======== Information shown

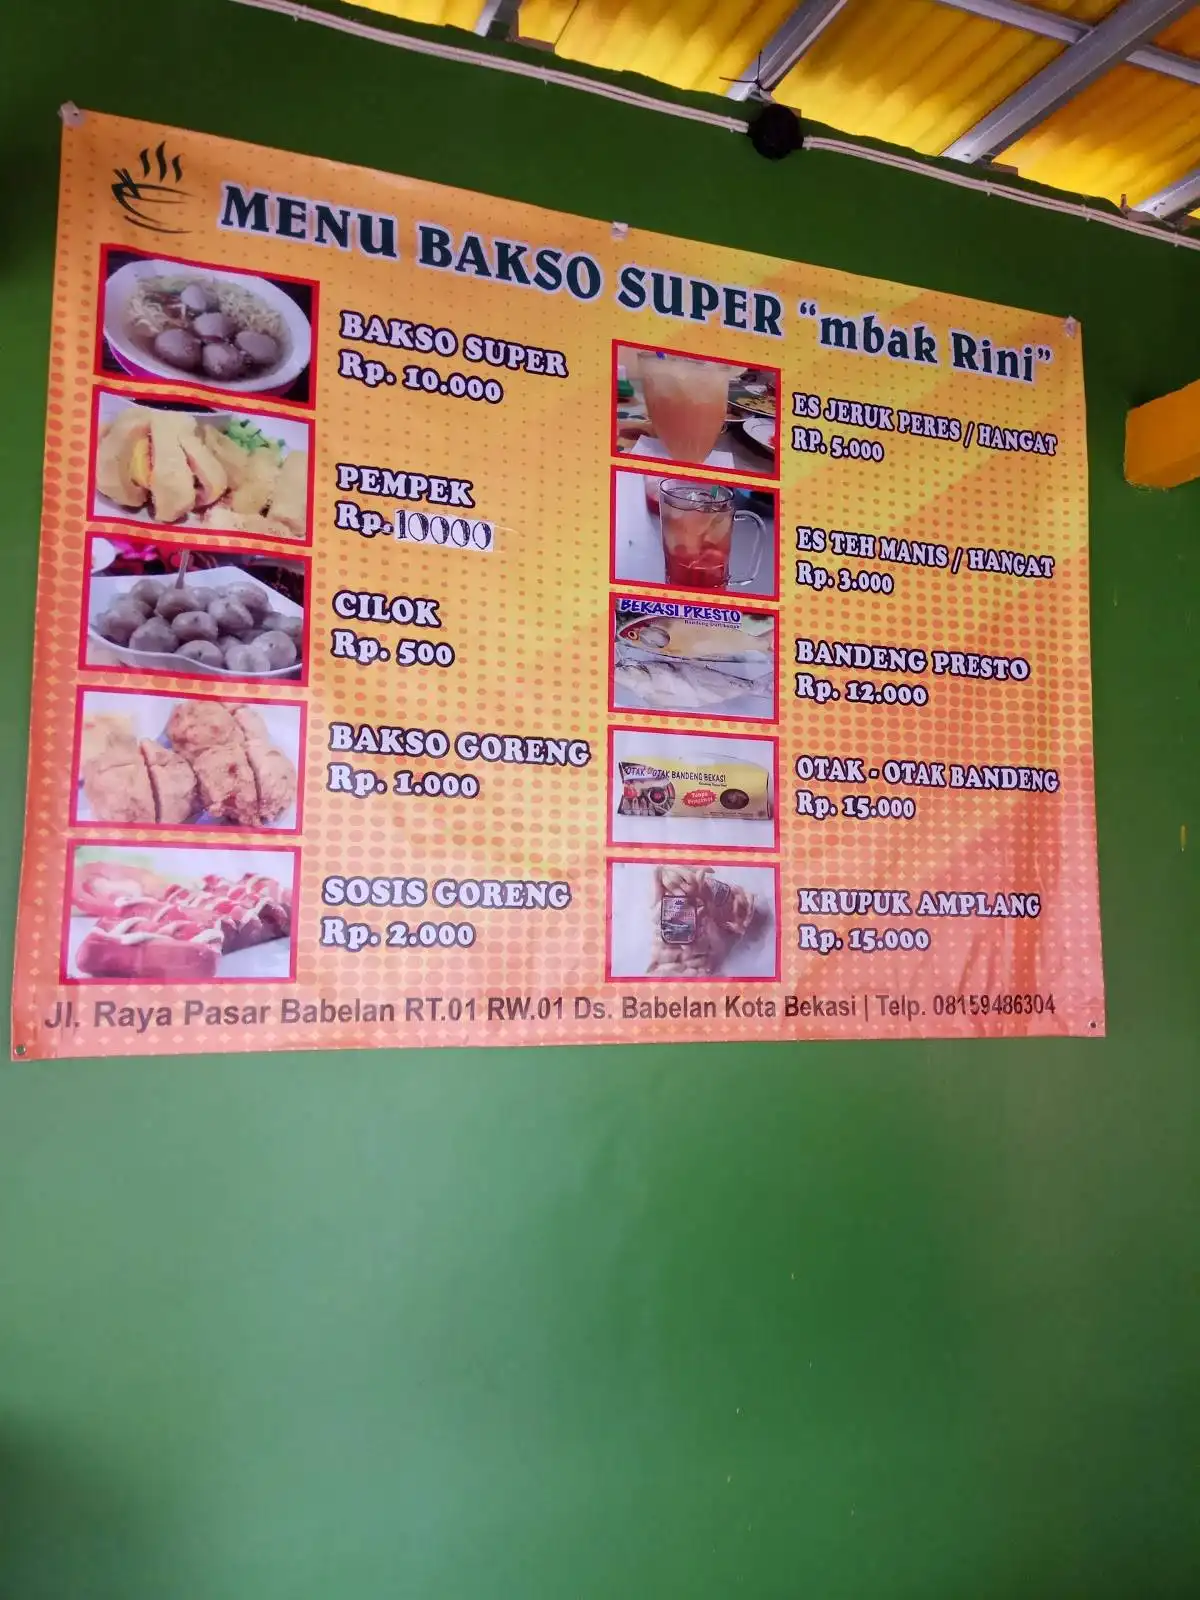 BAKSO SUPER "Mbak Rini"
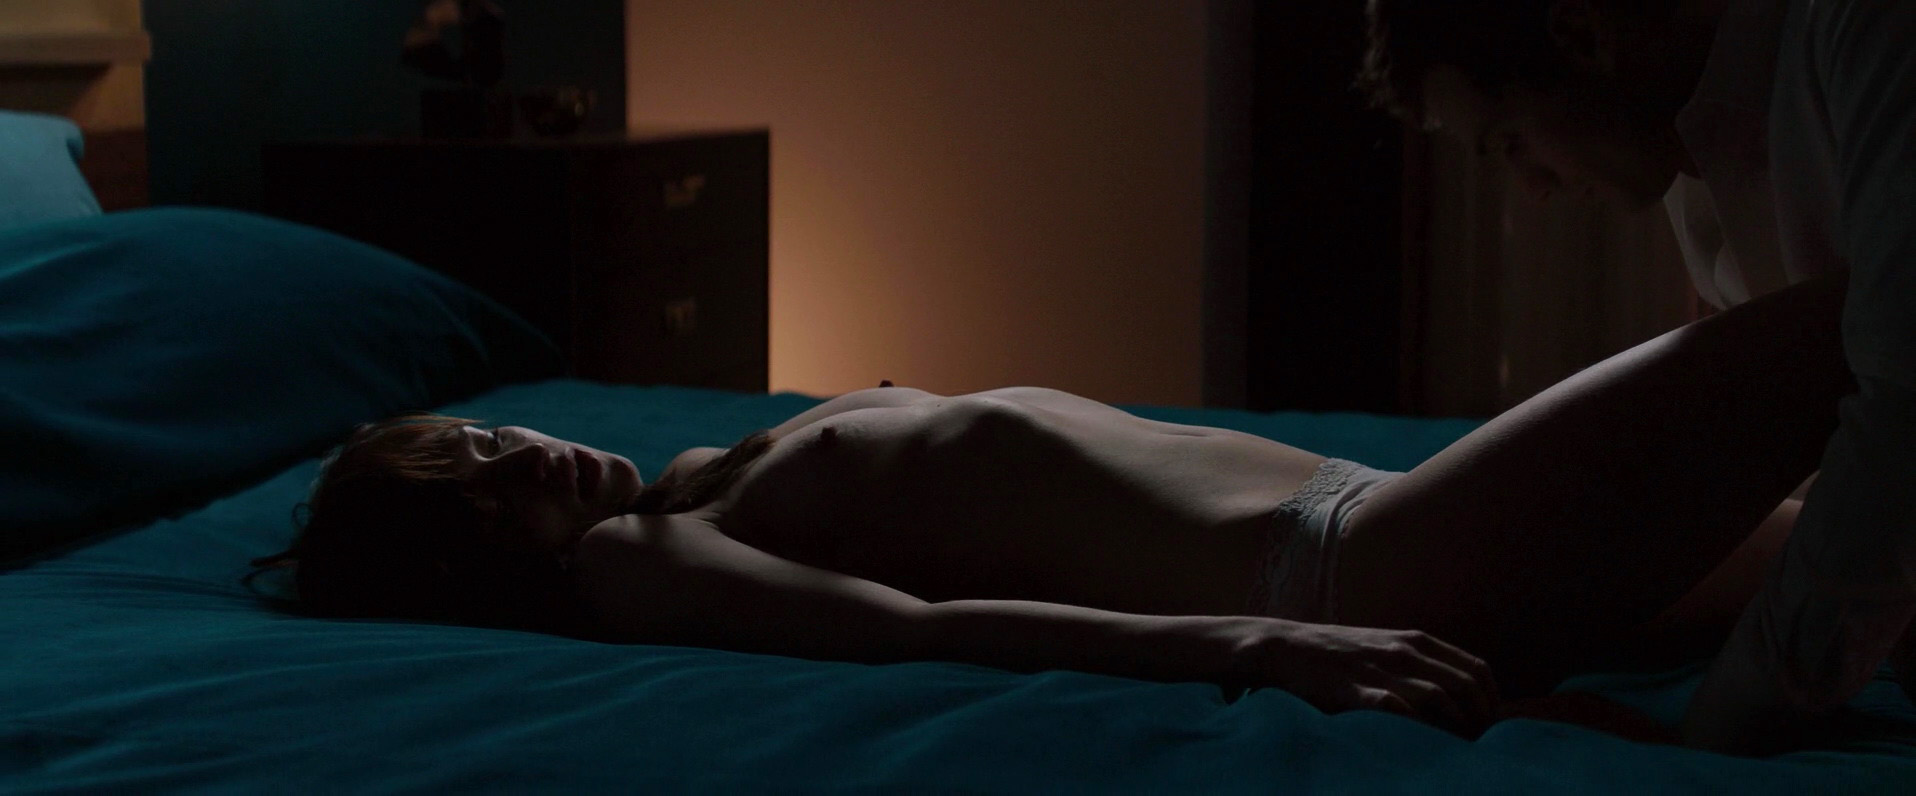 Dakota Johnson - Fifty Shades of Grey (2015) HD 1080p [uncut version]
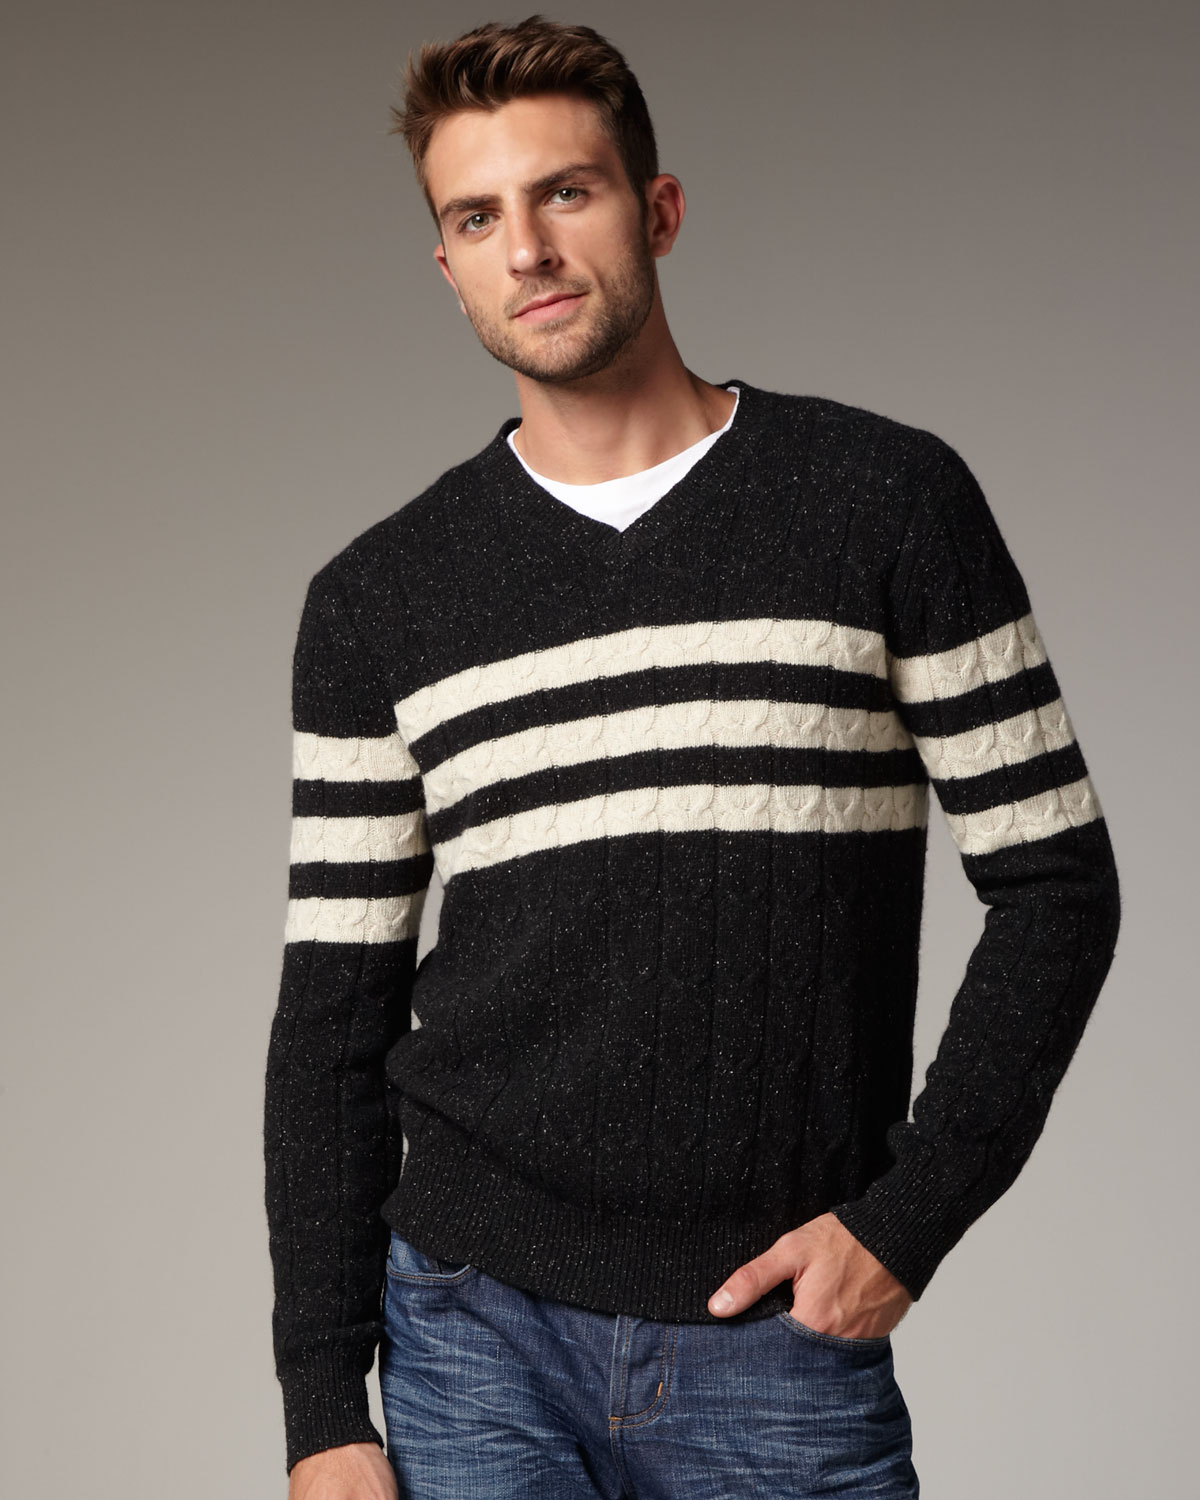 vince-black-striped-v-neck-sweater-product-1-2313912-379371960.jpeg

================

◆ What is being asked ◆
Copy out all the data above exactly, minus the images.

◆ Written solution ◆
 BAKSO SUPER "Mbak Rini"
 Dakota Johnson - Fifty Shades of Grey (2015) HD 1080p [uncut version]
 vince-black-striped-v-neck-sweater-product-1-2313912-379371960.jpeg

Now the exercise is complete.